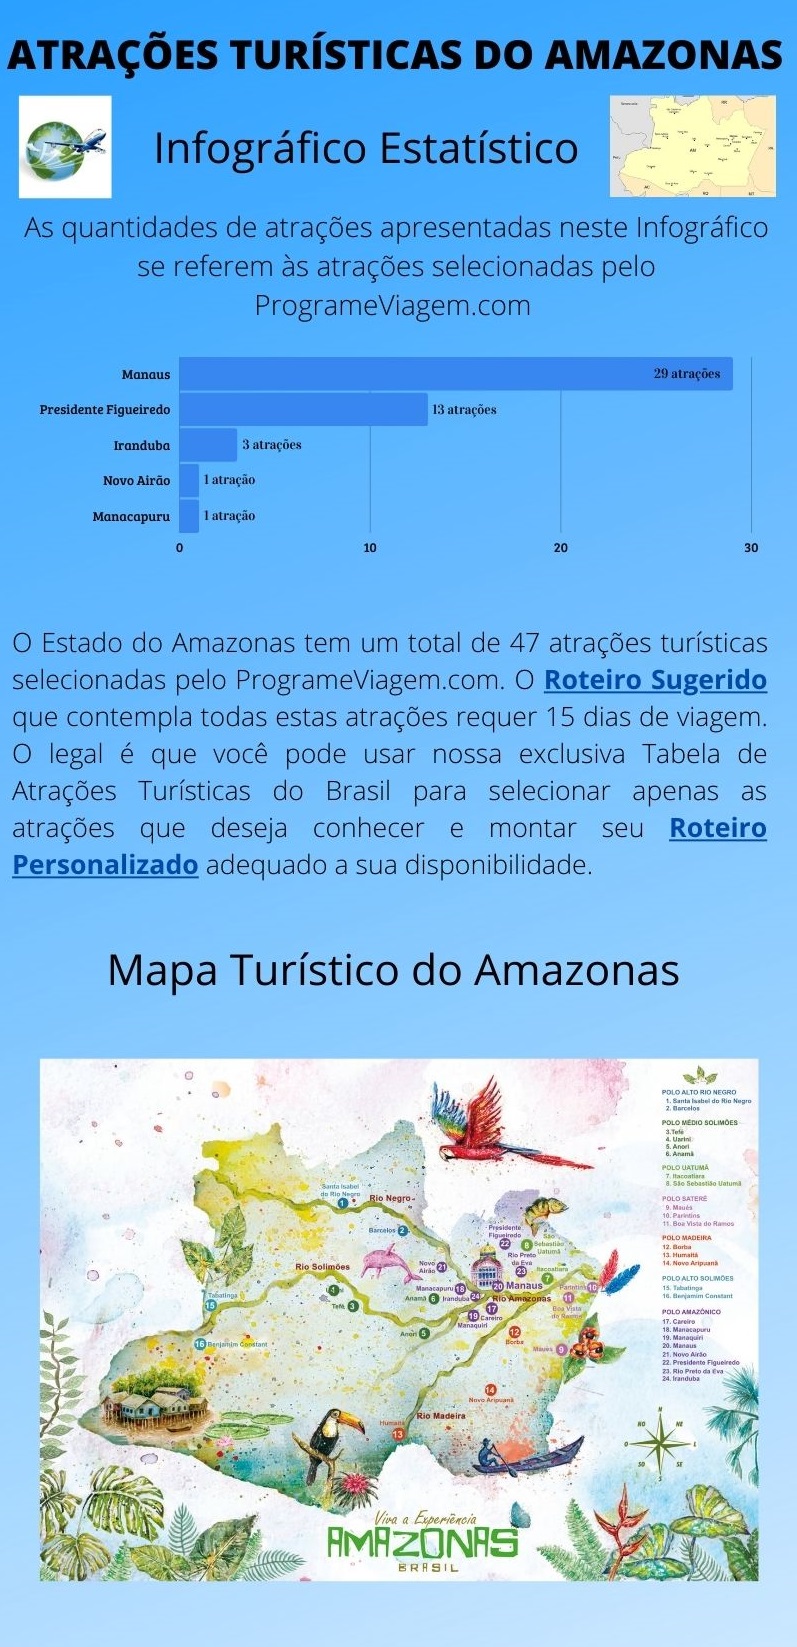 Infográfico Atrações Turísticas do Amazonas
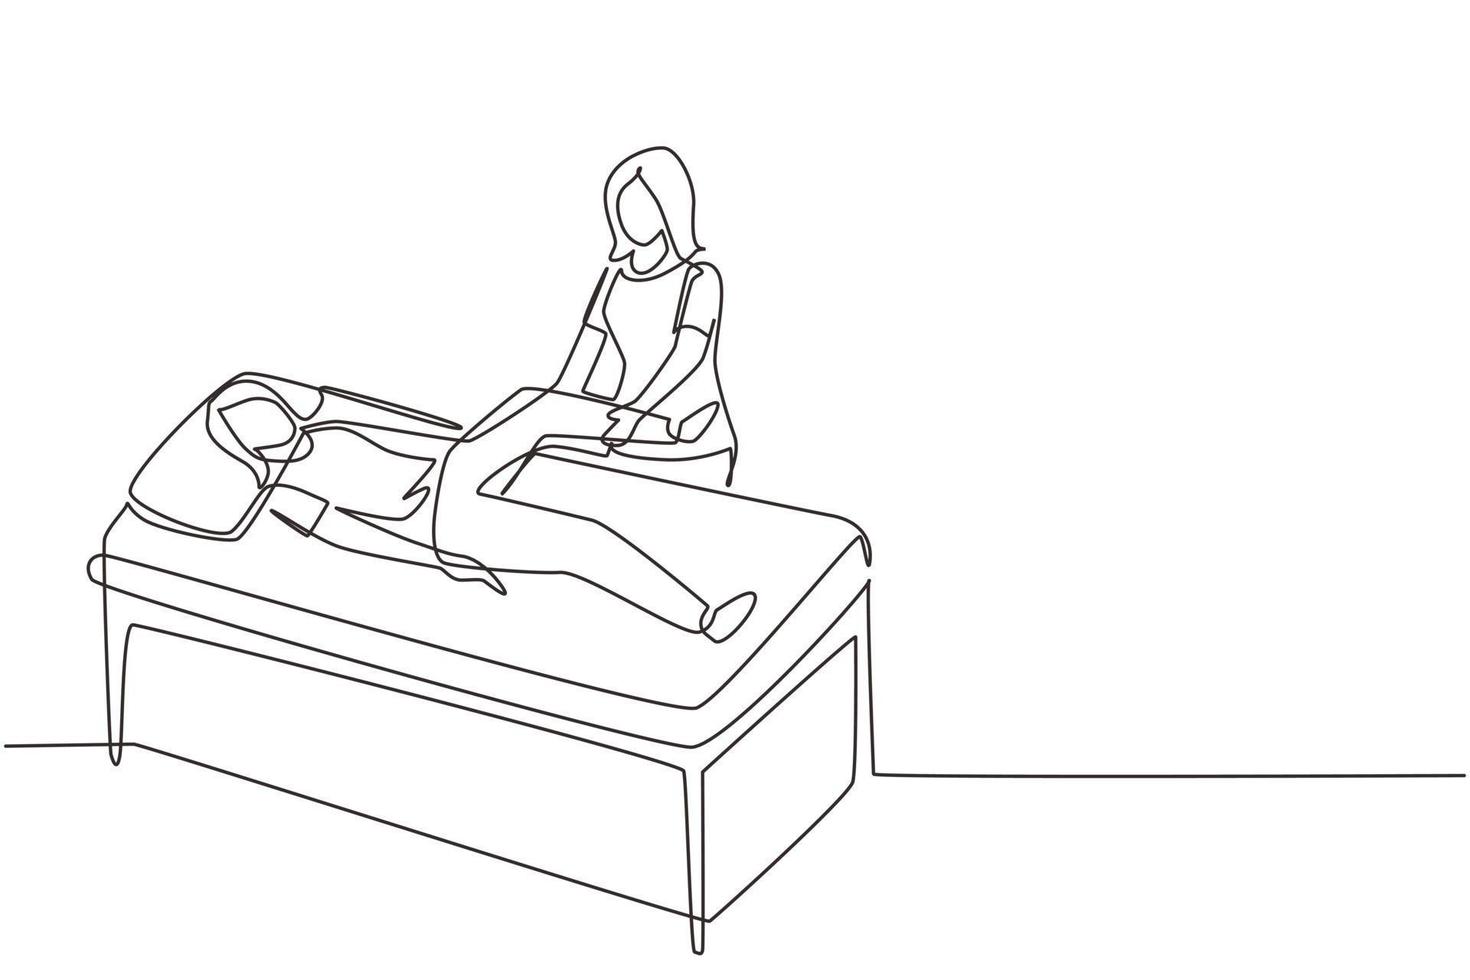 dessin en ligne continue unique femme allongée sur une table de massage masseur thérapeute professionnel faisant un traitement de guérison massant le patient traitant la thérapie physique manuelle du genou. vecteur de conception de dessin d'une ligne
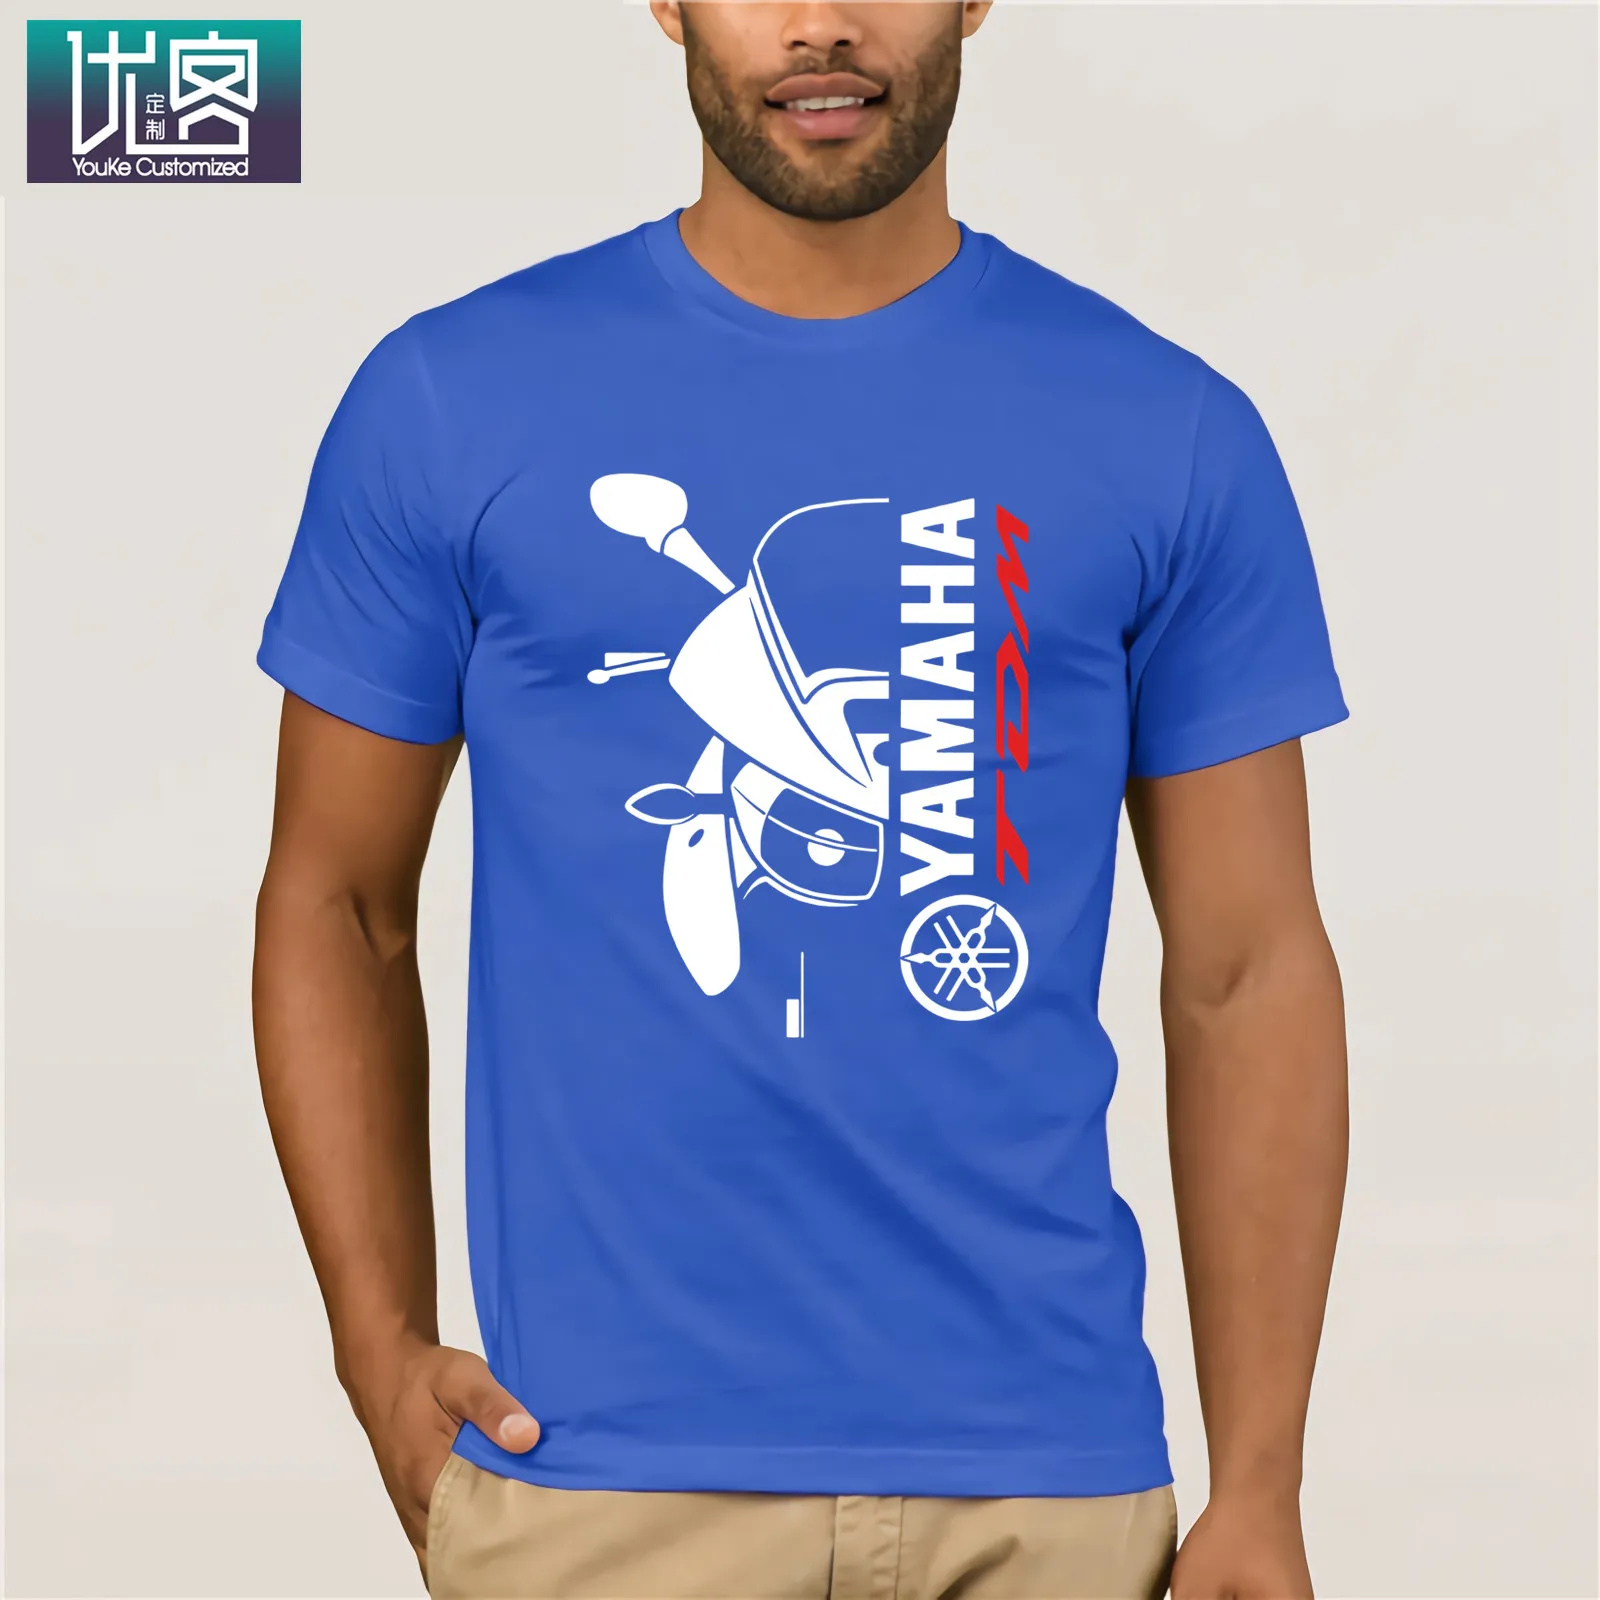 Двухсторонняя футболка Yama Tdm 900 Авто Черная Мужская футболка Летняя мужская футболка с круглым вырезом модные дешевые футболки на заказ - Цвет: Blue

◆ **THE TASK**
Before copying the data, remove the pictures. Then repeat the rest exactly.

◆ **ANSWER TO THIS EXERCISE**
 Infográfico Atrações Turísticas do Amazonas
 dessin en ligne continue unique femme allongée sur une table de massage masseur thérapeute professionnel faisant un traitement de guérison massant le patient traitant la thérapie physique manuelle du genou. vecteur de conception de dessin d'une ligne
 Двухсторонняя футболка Yama Tdm 900 Авто Черная Мужская футболка Летняя мужская футболка с круглым вырезом модные дешевые футболки на заказ - Цвет: Blue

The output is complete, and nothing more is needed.